7.4.2011 - Dr. Saran Vardhsnabhuti

University of Pennsylvania

28.3.2011 - Dr. Nicolai Fricker

DKFZ Heidelberg

• Title
  The regulation of CD95-mediated cell death by c-FLIP - a Systems  Biology Approach
  
• Abstract
  C-FLIP proteins regulate caspase-8 activation and death receptor-induced apoptosis. The function of the short c-FLIP isoforms  (c-FLIPR and c-FLIPS) as inhibitors of cell death has been well  described.

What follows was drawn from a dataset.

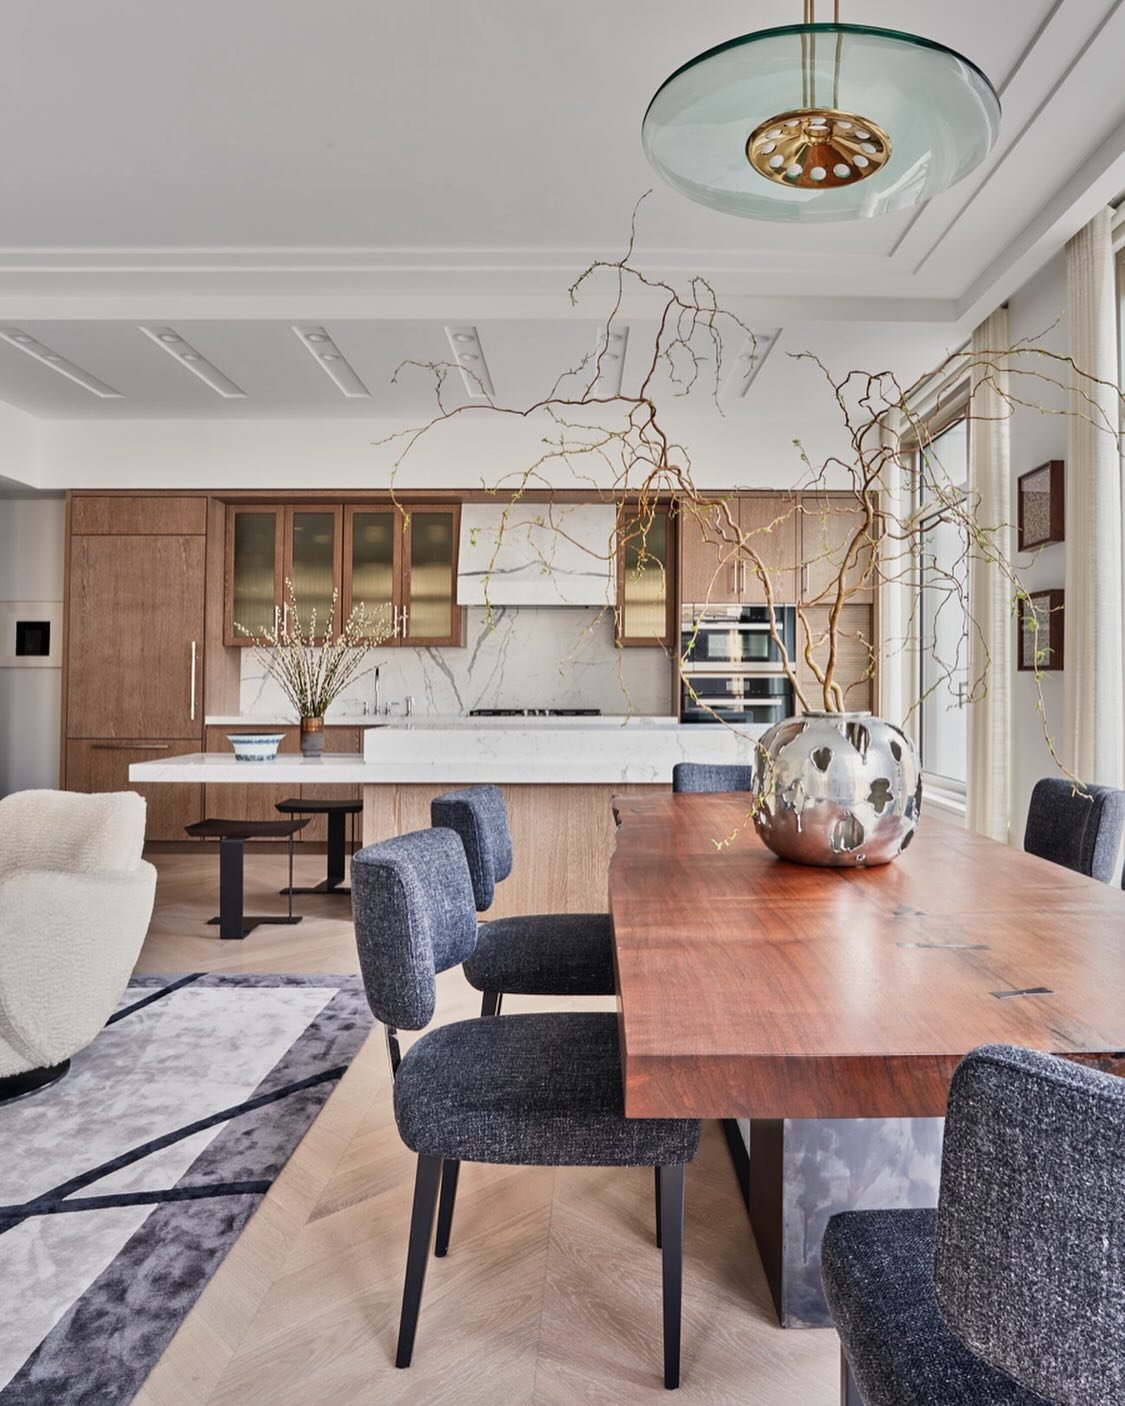 Artworks by Gabriel de la Mora and Mary Corse join stools by Pierre Chareau, a chair by Vladimir Kagan, an important Fontana Arte light fixture by Max Ingrand, and commissioned dining table by Stefan Rurak in a Noho Loft.  The dining chairs are custo

However the role of the long isoform of c-FLIP, c-FLIPL,  has been unclear. There are contradictory reports on whether c-FLIPL promotes or blocks cell death. Here, using a combination of mathematical modeling, imaging and quantitative western blots we elucidate the role of c-FLIPL in CD95-mediated cell death. Our data show that c-FLIPL can either act pro-apoptotic or anti-apoptotic, depending on the cellular context and the strength of receptor stimulation. Moreover we demonstrate that c-FLIPR and c-FLIPS act as a molecular switch deciding whether c-FLIPL blocks or promotes apoptosis. Our findings resolve the present controversial discussion on the function of c-FLIPL as a pro- and anti-apoptotic protein in death receptor-mediated death.